O principal índice da bolsa brasileira passou a primeira metade do pregão no marasmo, oscilando entre a estabilidade e uma leve alta. Mas na parte da tarde, a coisa começou a esquentar, e o Ibovespa decolou, fechando com ganho de 1,23%, aos 106.022 pontos.
Foi a primeira vez que o índice fechou acima dos 106 mil pontos. O recorde anterior havia sido de 105.817 pontos.
É... parece que ou eu sou pé quente, ou o Victor Aguiar é pé frio. É que o Victor é o titular da cobertura de mercados aqui no Seu Dinheiro, mas hoje precisou focar numa série especial de reportagens que ele está preparando para esta semana.

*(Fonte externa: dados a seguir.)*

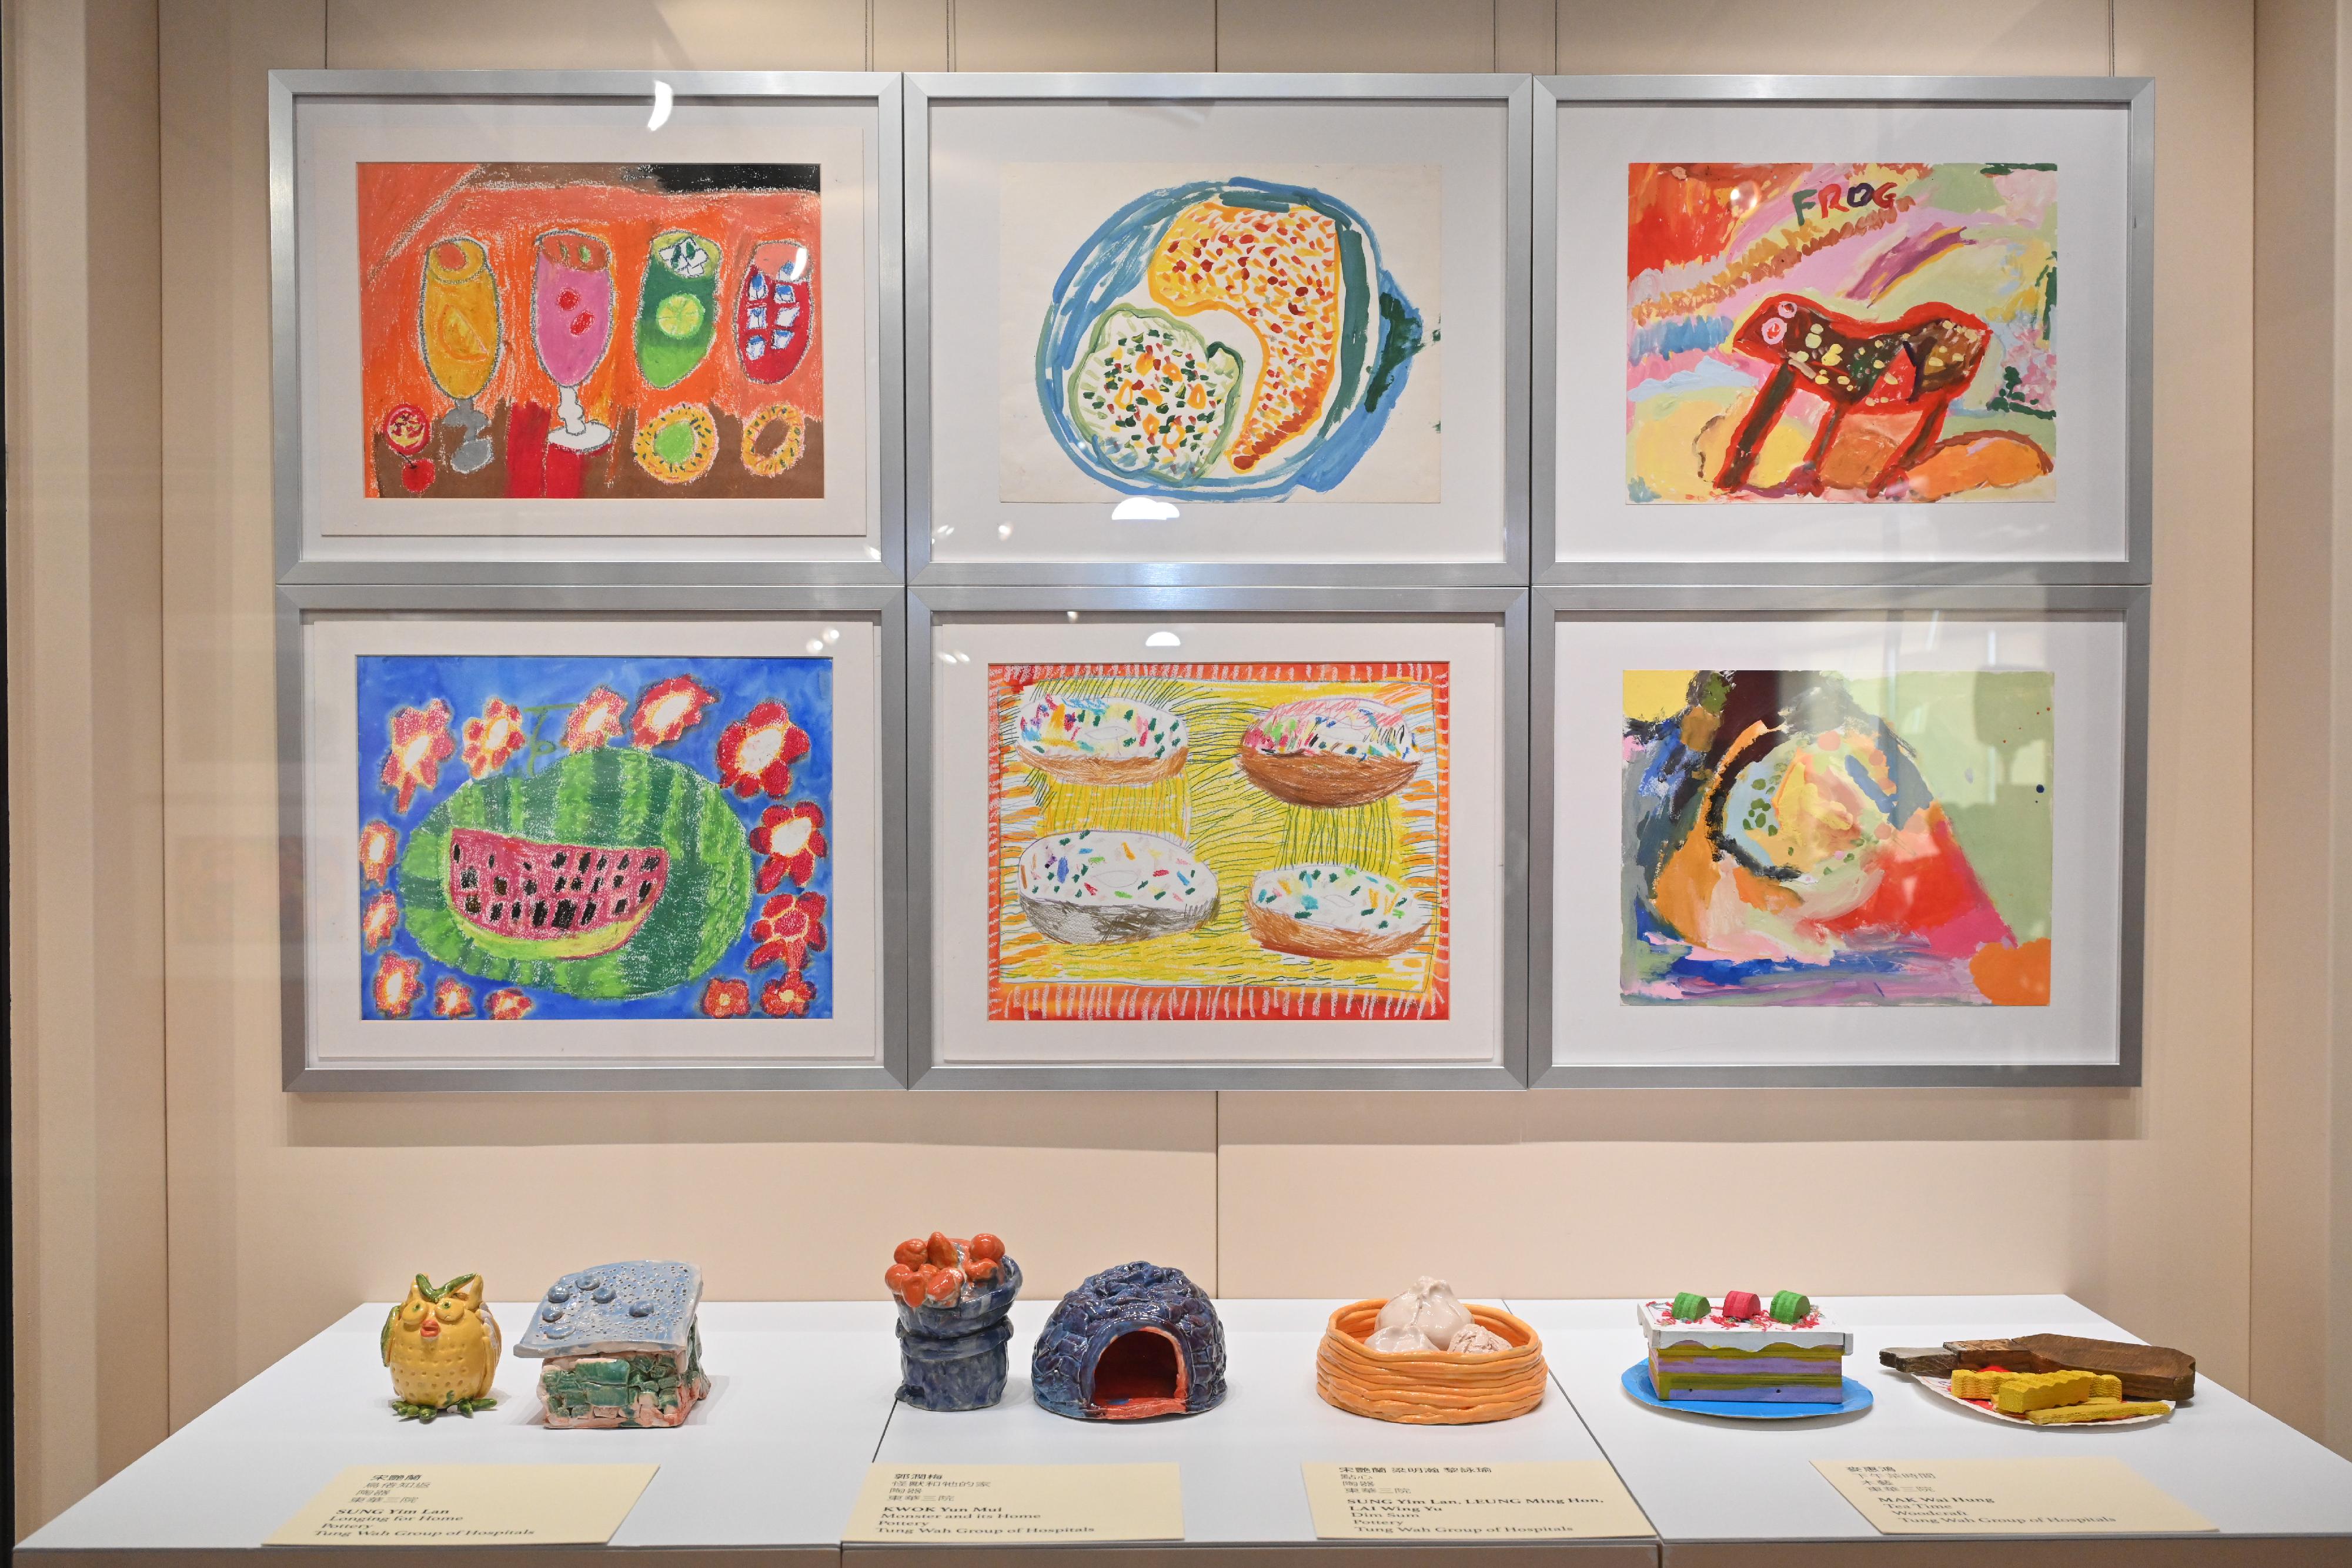 The "Infinite Creativity in Art" Exhibition, jointly organised by the Labour and Welfare Bureau, the Social Welfare Department, the Arts Development Fund for Persons with Disabilities and Sun Museum, will showcase about 200 art pieces created by persons with disabilities from tomorrow (January 12). Photo shows art pieces at the exhibition.

Para isso, ele me pediu para ficar no lugar dele e, pela segunda vez neste ano, perdeu uma máxima histórica do Ibovespa. No primeiro dia dele aqui no Seu Dinheiro, o Ibovespa bateu os 100 mil pontos pela primeira vez, durante o pregão. Mas era eu quem estava cobrindo o desempenho da bolsa nesse dia. A partir do dia seguinte, quando o Victor finalmente assumiu as picapes, foi só ladeira abaixo por um bom tempo. Foi mal, Victor.
Por aqui, o dia hoje foi bem tranquilo em termos de agenda e esvaziado de noticiário. Mais cedo, o Banco Central divulgou o seu Boletim Focus, que veio com uma previsão de Selic mais baixa para o final deste ano. Agora, o mercado espera que os juros caiam para 4,5%, frente a uma previsão anterior de 4,75%. Confira todas as projeções do último Focus.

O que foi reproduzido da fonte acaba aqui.